# Request - Add company to review site & review access



## Grum_l (Aug 10, 2005)

Hello!

Can I get access to add my products in the review database? My company name is GMC.

Thank you in advance.


----------



## Crothian (Aug 10, 2005)

well, I added the company but the site is not letting me give access to other for some reason


----------



## Grum_l (Aug 10, 2005)

Hello again!

OK...

Could you change the company name!
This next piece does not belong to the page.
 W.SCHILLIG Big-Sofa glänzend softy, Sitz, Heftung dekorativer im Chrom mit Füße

All letters are big:         GMC          !!!

Thank you again.


----------



## Crothian (Aug 10, 2005)

I can't say why, but its not letting me.  I entered them orginally in as all caps and the site is making them like it is.  So, sorry but it's just not working right.


----------



## Grum_l (Aug 13, 2005)

Hmmm...

:-(

Okay


----------



## Michael Morris (Aug 13, 2005)

Hi Grum.  I'm the coder responsible for reviews.  After Gencon I'll look into this.


----------



## Grum_l (Aug 27, 2005)

I want to remember you...


----------



## Grum_l (Sep 16, 2005)

Hello?

Can anyone help: name change from Gmc to GMC and the possibility to add my products?


----------



## Crothian (Sep 16, 2005)

This is really frustrating.  It is taking the letters and making them lowercase.  I can edit the entry and change the name but I cannot make the thing keep the letters capitilzed and I don't know why.


----------



## HellHound (Sep 16, 2005)

Try entering them as G M C instead of GMC, at least that way it will get past the issue at hand.


----------



## Crothian (Sep 16, 2005)

sure, that worked.  I tried it like G.M.C. and that gave me G.m.c.


----------



## Grum_l (Sep 16, 2005)

Thank you for your help! G M C is ok too.
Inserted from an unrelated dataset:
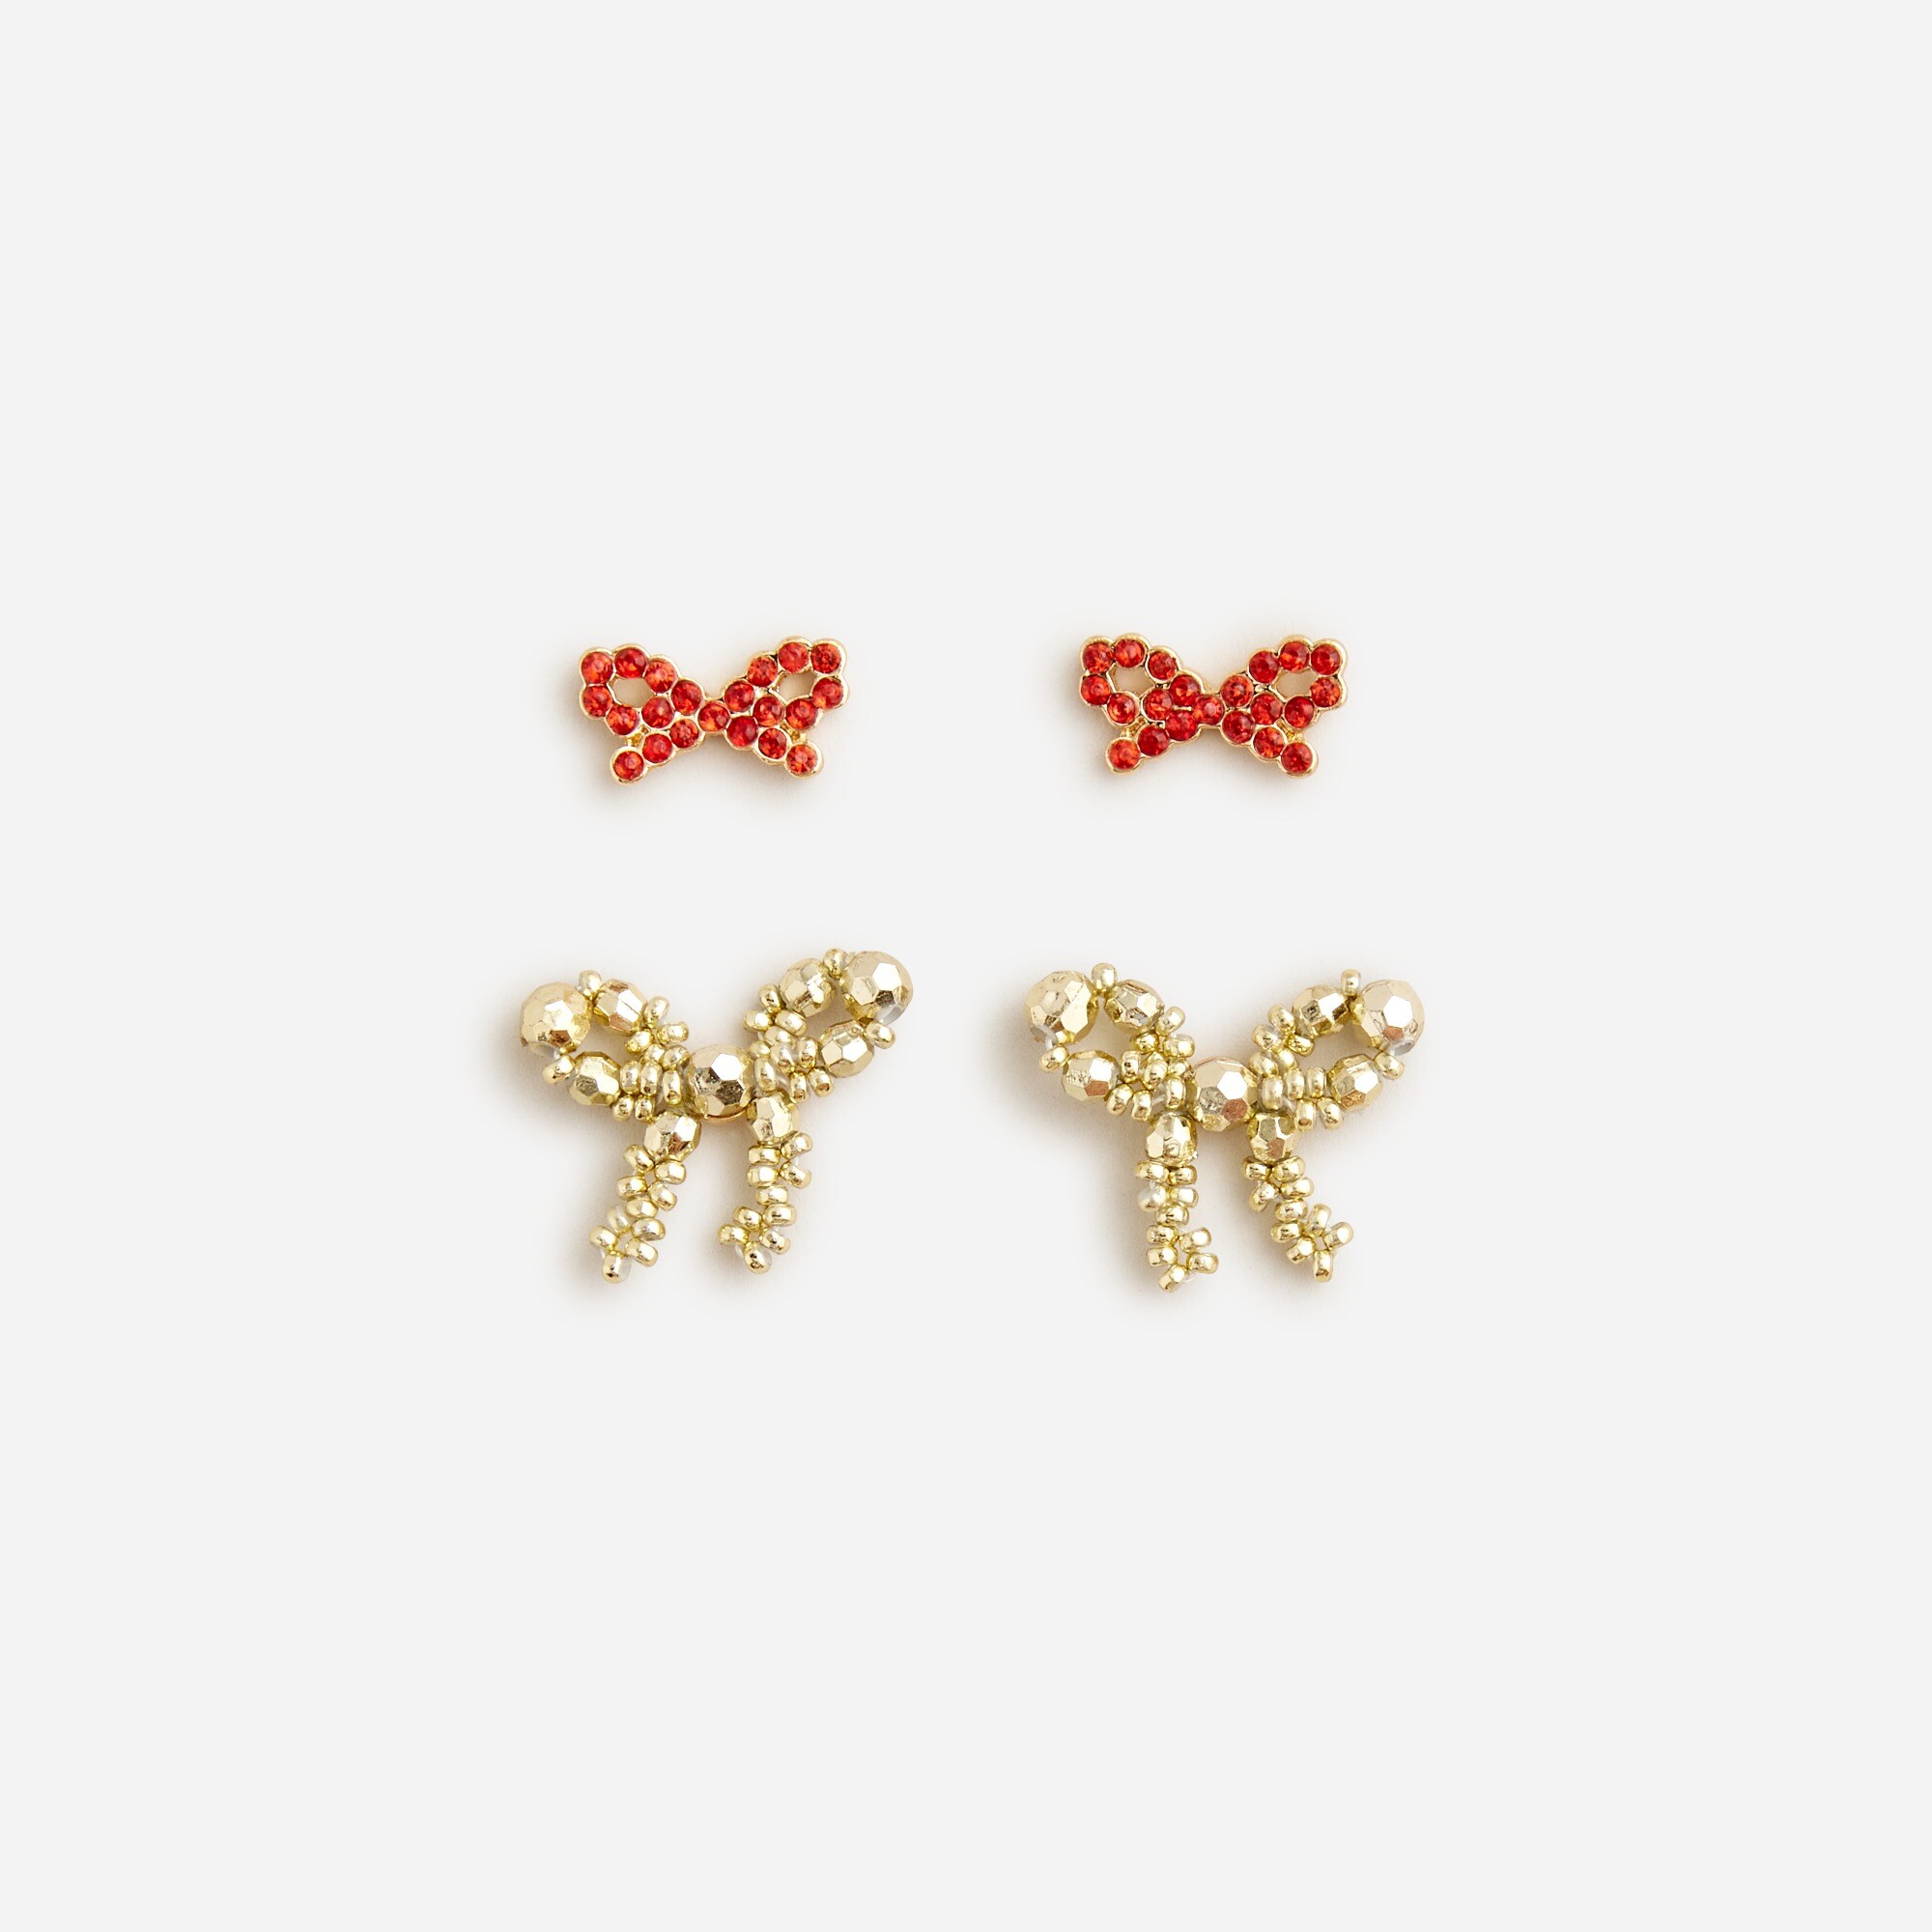  Girls' bow earrings two-pack

But where can I add my products?


----------



## Crothian (Sep 16, 2005)

the system is letting me let you, but if you have a link to your products, I can add them for you.  I just need to know what to add.


----------



## Crothian (Sep 16, 2005)

and it seems you have lionks in your sig, I can add those for you.


----------



## Grum_l (Sep 16, 2005)

I saw the new changes.

Thank you.

I have some minor facts:

*Release Dates* 

QA #1: April 2005
QA #2: May 2005
QA #3: June 2005
QM #1: August 2005

*Summary*

QA #1: d20 Adventure (do not change the bracket content)
QA #2: d20 Adventure (do not change the bracket content)
QA #3: d20 Adventure (do not change the bracket content)
QM #1: d20 Creature Book (do not change the bracket content)
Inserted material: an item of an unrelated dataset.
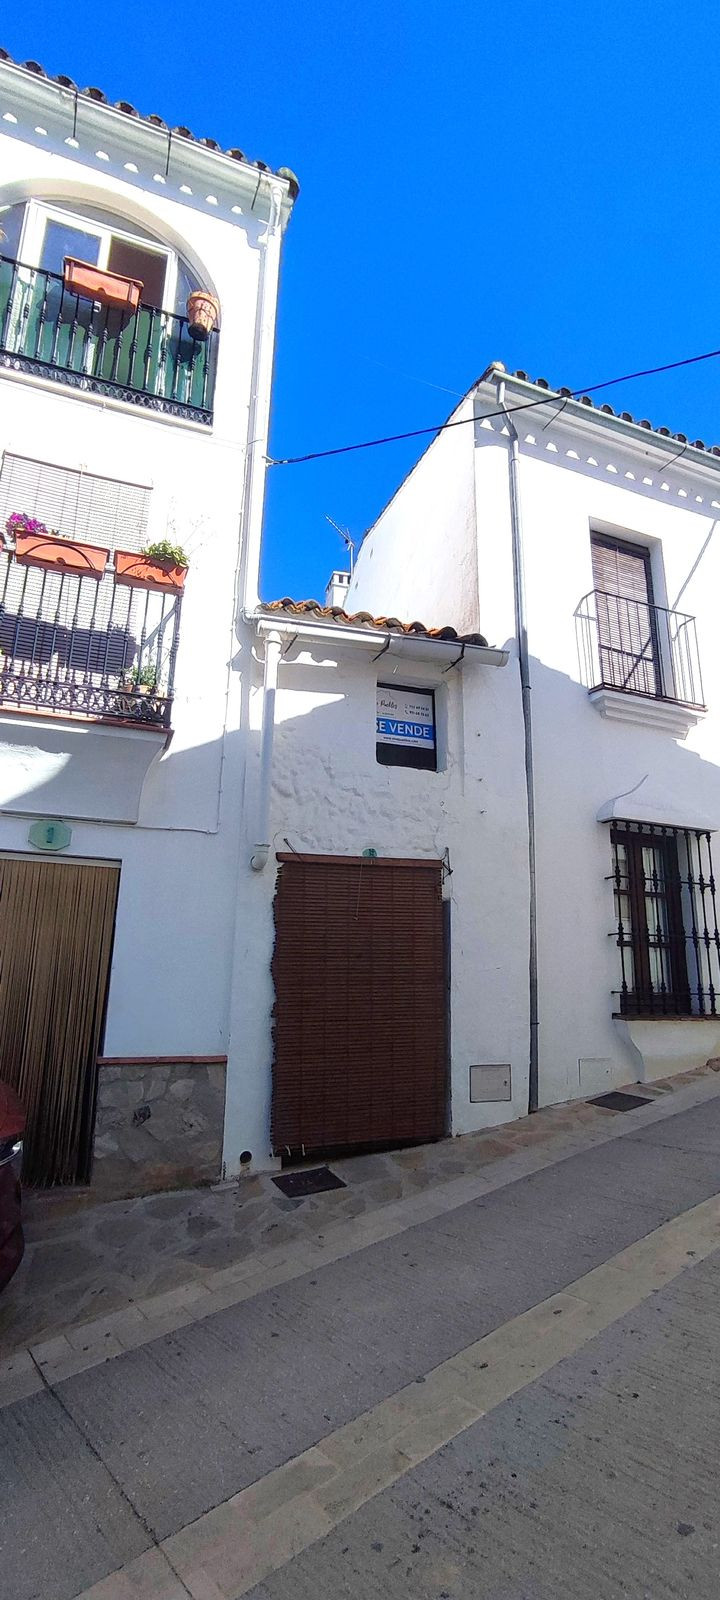 						Maison Jumelée  Mitoyenne
													en vente 
																			 à Gaucín

Finally, can you delete the list of Quirin Adventures over the Homepage link and below the "Come to the..." text (in the G M C box).


----------



## Crothian (Sep 16, 2005)

got all that except the relase dates, another bug I can't do anything about


----------



## Grum_l (Sep 16, 2005)

OK!

Ehhmm... There was a little misunderstanding!

Can you delete the *QA: #1*, *QA: #2*, *QA: #3*, and *QM: #1* in the Summaries! That should show you the product for which the Summary was.


----------



## Crothian (Sep 16, 2005)

my bad, I fixed it


----------



## Grum_l (Sep 16, 2005)

Nice!


----------